- Opening Delimiter -

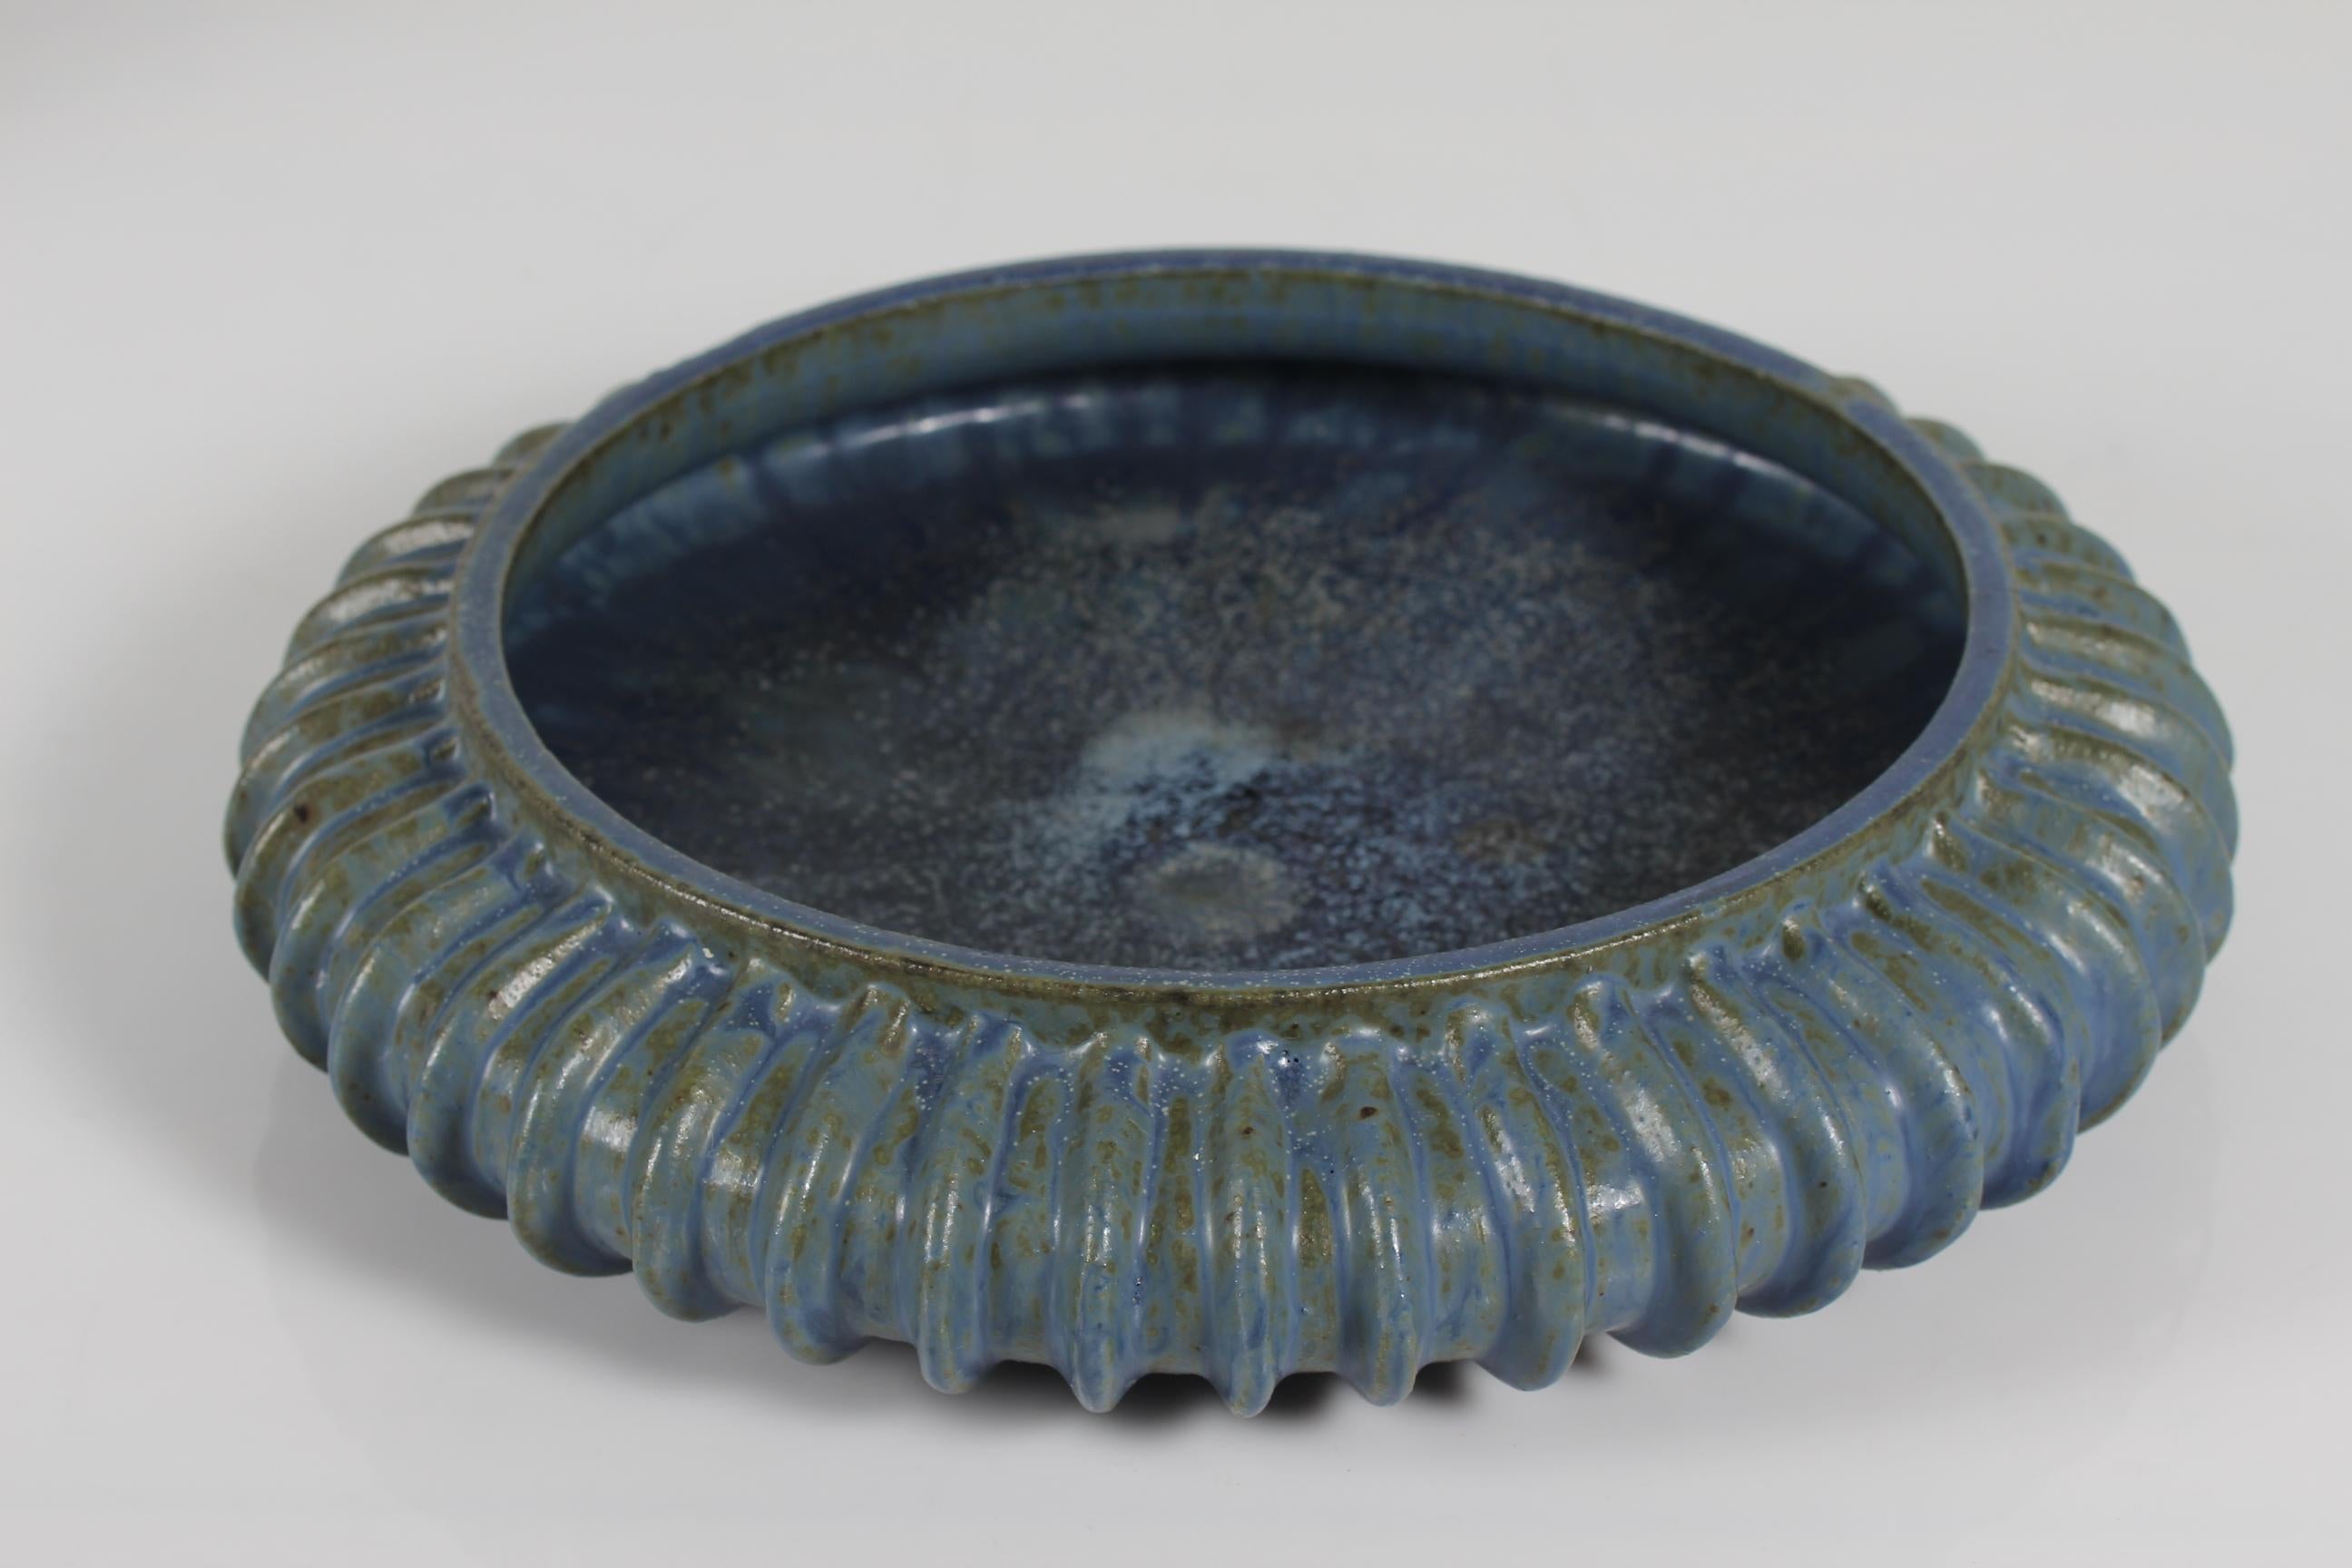 Huge Art Deco stoneware bowl from the 1930s model no. 154.
Designed by the Danish ceramist Arne Bang (1901-1983).

The bowl is decorated with glaze in shades of blue with green elements.
The outside of the bowl has a modeled pattern of grooves
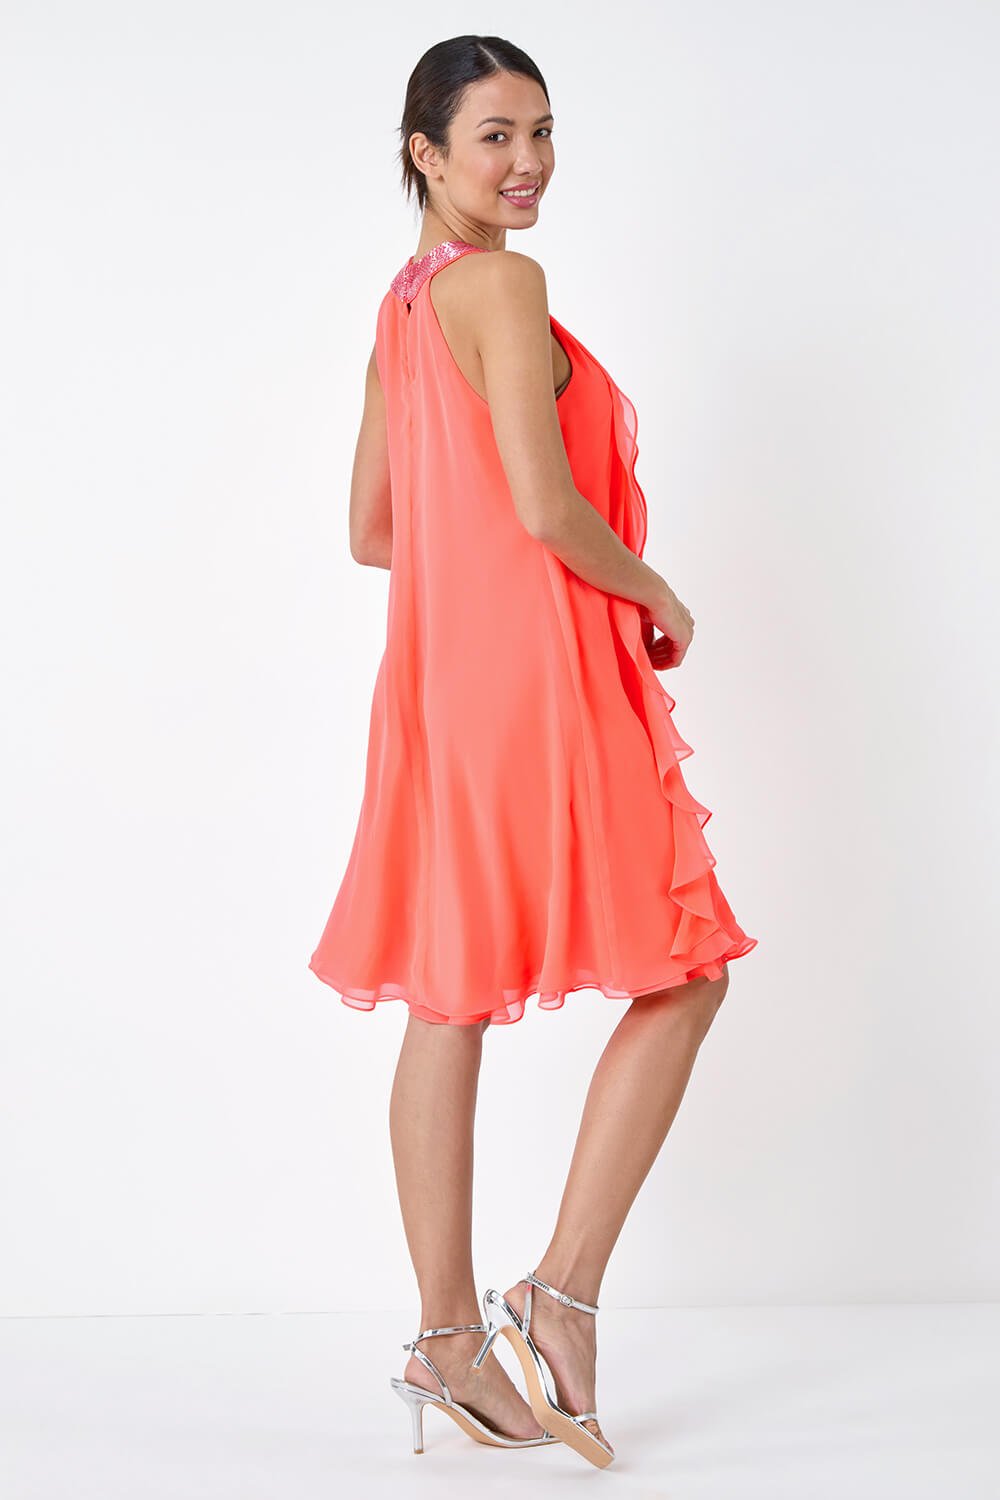 CORAL Embellished Collar Frilled Chiffon Dress, Image 3 of 5
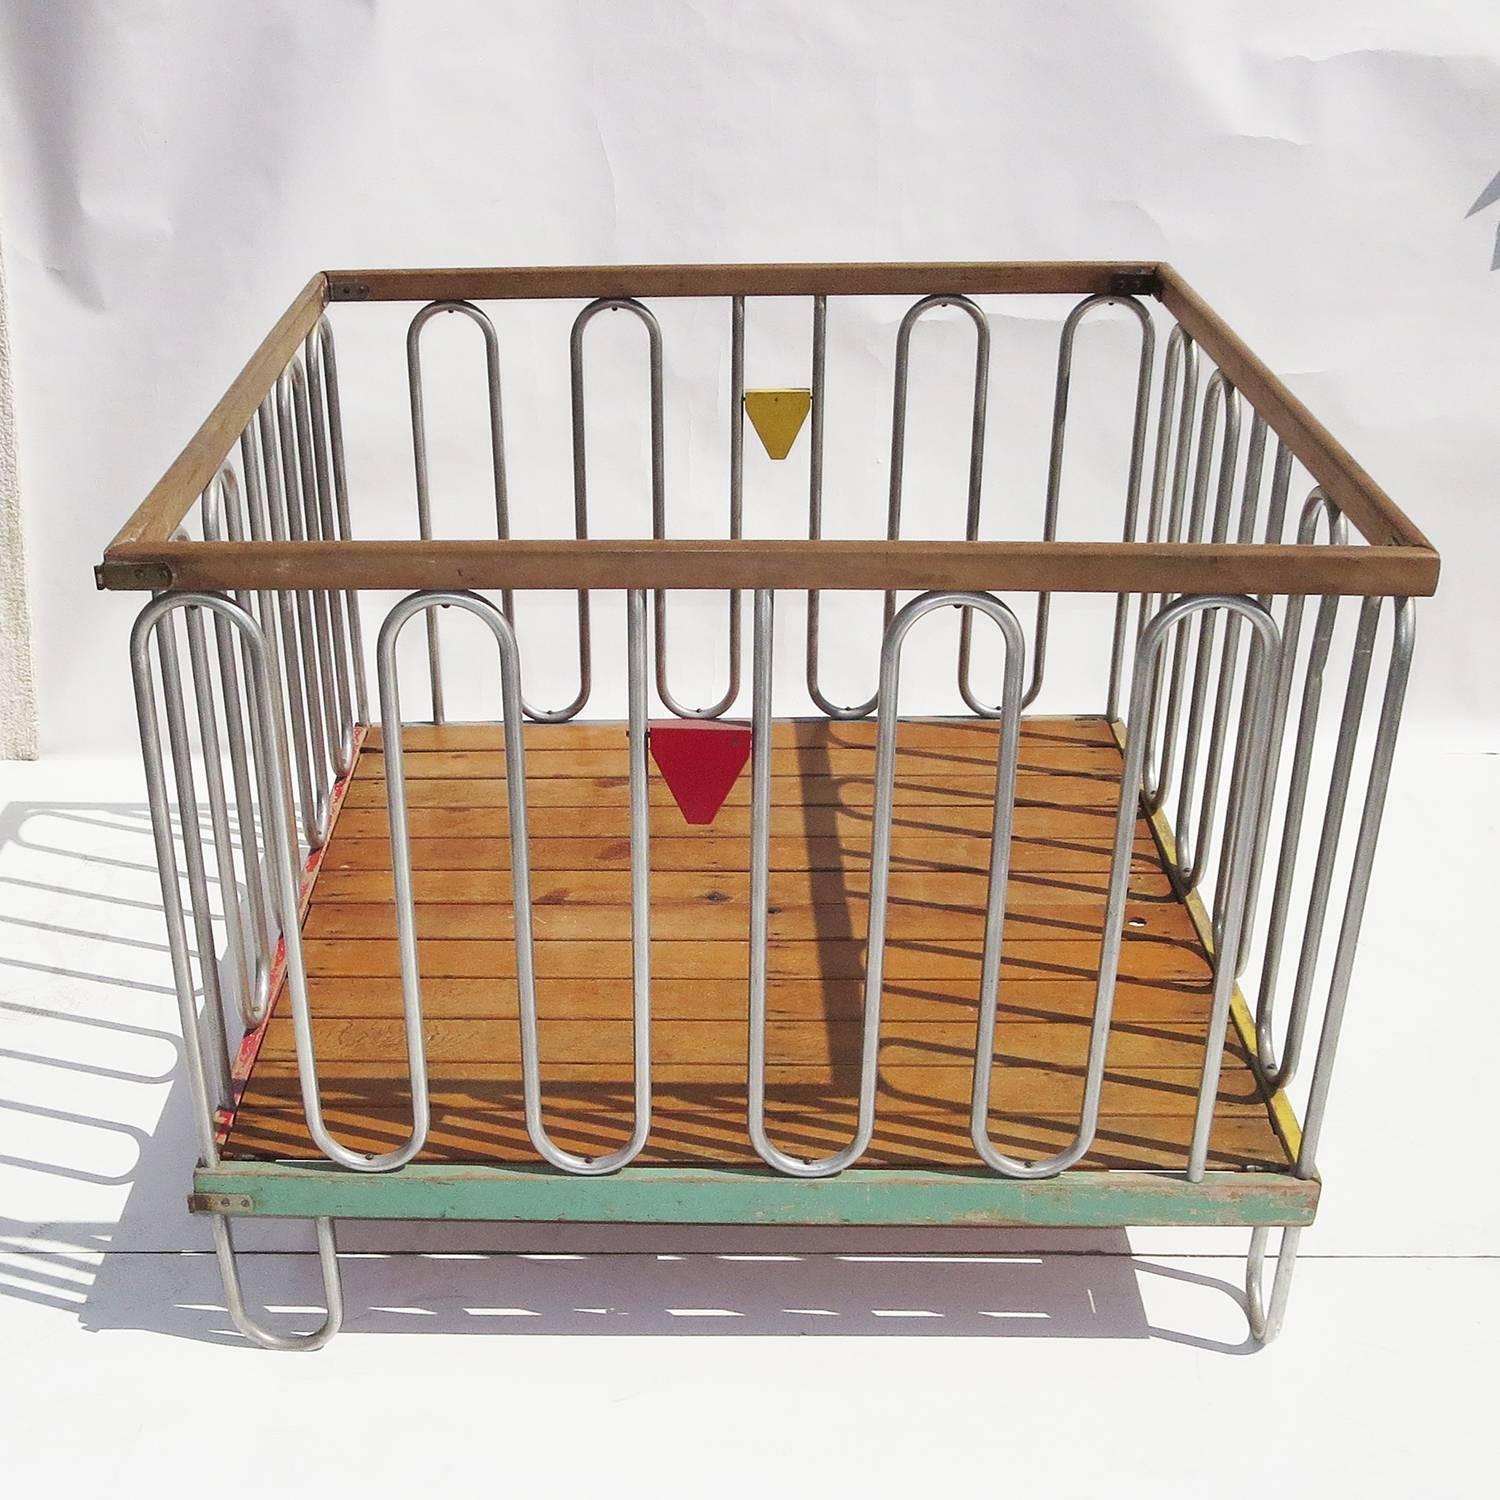 Designed by Gilbert Rohde for the Trimble Nursery and Furniture Company of Rochester, NY, this stylized playpen made its' debut at the Chicago Worlds Fair of 1933. The undulating tubes of aluminum were unlike anything seen in the juvenile furniture

- Closing Delimiter -

§ **TASK ITEM**: Restate the material word for word; no picture should appear in the copy.

§ **EXERCISE RESULT**:
 Huge Art Deco stoneware bowl from the 1930s model no. 154.
Designed by the Danish ceramist Arne Bang (1901-1983).

The bowl is decorated with glaze in shades of blue with green elements.
The outside of the bowl has a modeled pattern of grooves
 CORAL Embellished Collar Frilled Chiffon Dress, Image 3 of 5
 Designed by Gilbert Rohde for the Trimble Nursery and Furniture Company of Rochester, NY, this stylized playpen made its' debut at the Chicago Worlds Fair of 1933. The undulating tubes of aluminum were unlike anything seen in the juvenile furniture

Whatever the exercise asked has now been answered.